The Ecological Model and Components

The package EcologicalNetworksDynamics represents an ecological network as a julia value of type Model.

m = default_model(Foodweb([:a => :b, :b => :c]))
Model (alias for EcologicalNetworksDynamics.Framework.System{<internals>}) with 17 components:
  - Species: 3 (:a, :b, :c)
  - Foodweb: 2 links, 1 producer, 2 consumers, 2 preys, 1 top.
  - BodyMass: [100.0, 10.0, 1.0]
  - Metabolic classes: [:invertebrate, :invertebrate, :producer]
  - Growth rate: [·, ·, 1.0]
  - Carrying capacity: [·, ·, 1.0]
  - Producers competition: 1.0
  - <LogisticGrowth>
  - Efficiency: 0.45 to 0.85
  - Maximum consumption: [8.0, 8.0, ·]
  - Hill Exponent: 2.0
  - Consumer preferences: 1.0
  - Intra-specific interference: [·, ·, ·]
  - Half-saturation density: [0.5, 0.5, ·]
  - <BioenergeticResponse>
  - Metabolism: [0.09929551852928711, 0.1765751761097696, 0.0]
  - Mortality: [0.0, 0.0, 0.0]

Values of this type essentially describe a graph, with various nodes compartments representing e.g. species or nutrients and various edges compartments representing e.g. trophic links, or facilitation links. In addition to the network topology, the model also holds data describing the model further, and brought by the various models components. There are three possible "levels" for this data:

  • Graph-level data describe properties of the whole system. e.g. temperature, hill-exponent etc. These are typically scalar values.
  • Node-level data describe properties of particular nodes in the graph: e.g. species body mass, nutrients turnover etc. These are typically vector values.
  • Edge-level data describe properties of particular links: e.g. trophic links efficiency, half-saturation of a producer-to-nutrient links etc. These are typically matrix values.

Model Properties

The data held by the model can be accessed via the various model properties, accessed with julia's m.<P> property accessor:

m.hill_exponent # Graph-level data (a number).
m.body_mass     # Node-level data (a vector with one value per species).
m.efficiency    # Edge-level data (a matrix with one value per species interaction).
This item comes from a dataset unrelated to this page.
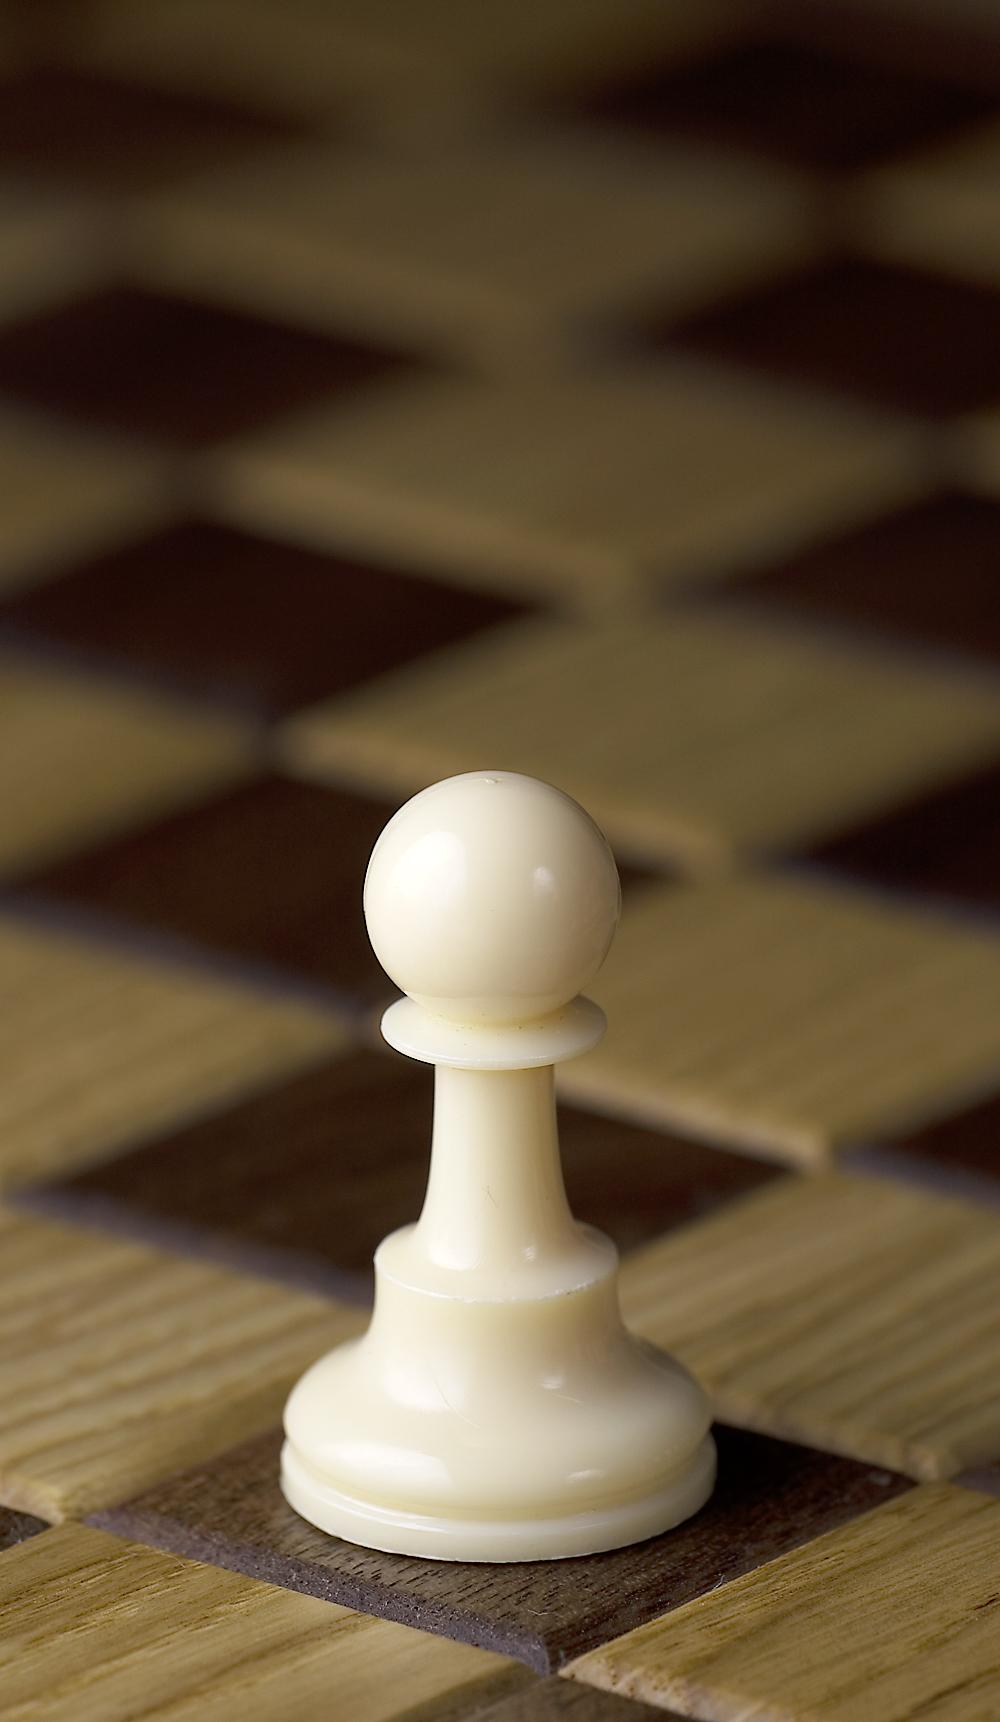 5_Books_On_Pawns_Structure_(Morovic,_Baburin, Soltis & Sokolov).RAR Chess_piece_-_White_pawn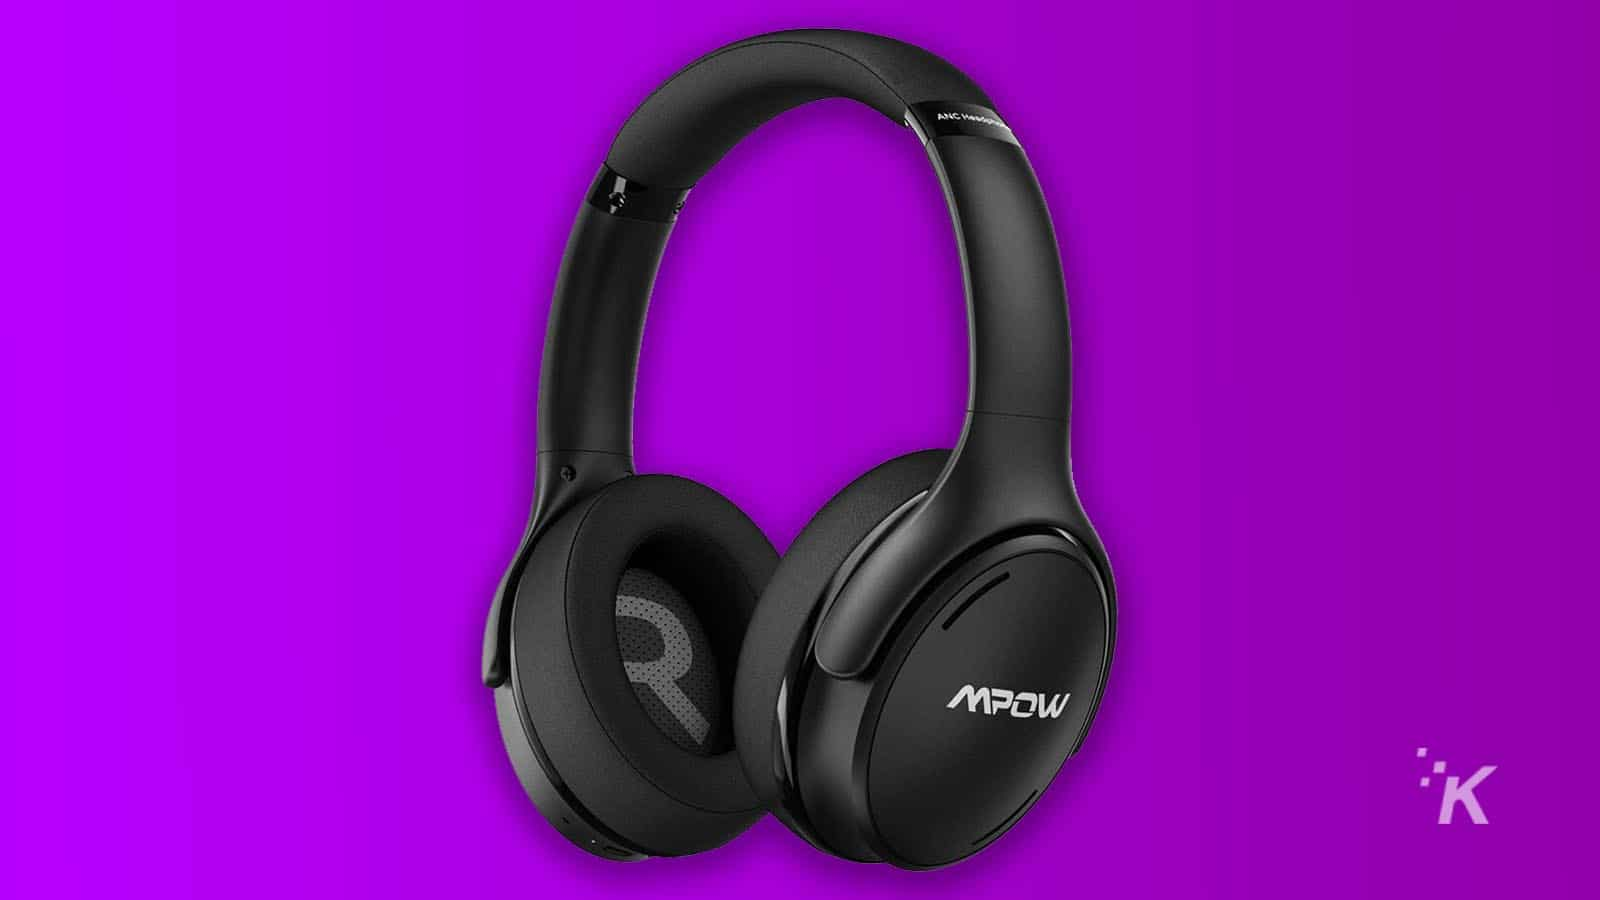 mpower noise-canceling headphones on amazon

Properties are grouped into property spaces:

m.species
Property space for '<internals>': .species

You can navigate the property spaces with successive . accesses:

m.species.number
3
m.trophic.matrix
3×3 EcologicalNetworksDynamics.TrophicMatrix:
 0  1  0
 0  0  1
 0  0  0

Some data can be modified this way with m.<P> = <value>. But not all:

# Okay: this is terminal data.
m.hill_exponent = 2.1

# Not okay: this could make the rest of the model data inconsistent.
m.species.richness = 4
ERROR: In property `species.richness` of '<internals>': This property is read-only.

If you need a model with different values for read-only data, you need to build a new model with the values you desire.

m = default_model(Foodweb([:a => :b, :b => [:c, :d]])) # Re-construct with a 4th species.
m.species.richness # Now the value is what you want.
4

The full list of available model properties can be queried with:

properties(m)

Some properties are just convenience aliases for each other.

m.A == m.trophic.matrix

Model Components

The Model value is very flexible and can represent a variety of different networks. It is made from the combination of various components.

Empty Model and the add! Method

When you start from a default_model, you typically obtain a full-fledged value, with all the components required to simulate the dynamics. Alternately, you can start from an empty model:

m = Model()
Model (alias for EcologicalNetworksDynamics.Framework.System{<internals>}) with 0 component.

In this situation, you need to add the components one by one. But this gives you full control over the model content.

An empty model cannot be simulated, because the data required for simulation is missing from it.

simulate(m, 0.5, 100)
ERROR: In method '_simulate' for '<internals>': Requires a component <FunctionalResponse>.

Also, an empty model cannot be queried for data, because there is no data inside:

m.richness
ERROR: In property `.richness` of '<internals>': Component <Species> is required to read this property.

The most basic way to add a Species component to your model is to use the add! function:

add!(m, Species(3))
Model (alias for EcologicalNetworksDynamics.Framework.System{<internals>}) with 1 component:
  - Species: 3 (:s1, :s2, :s3)

Now that the Species component has been added, the related properties can be queried from the model:

m.species.richness
3
m.species.names
3-element EcologicalNetworksDynamics.SpeciesNames:
 :s1
 :s2
 :s3

But the other properties cannot be queried, because the associated components are still missing:

m.trophic.matrix
ERROR: In property `trophic.matrix` of '<internals>': Component <Foodweb> is required to read this property.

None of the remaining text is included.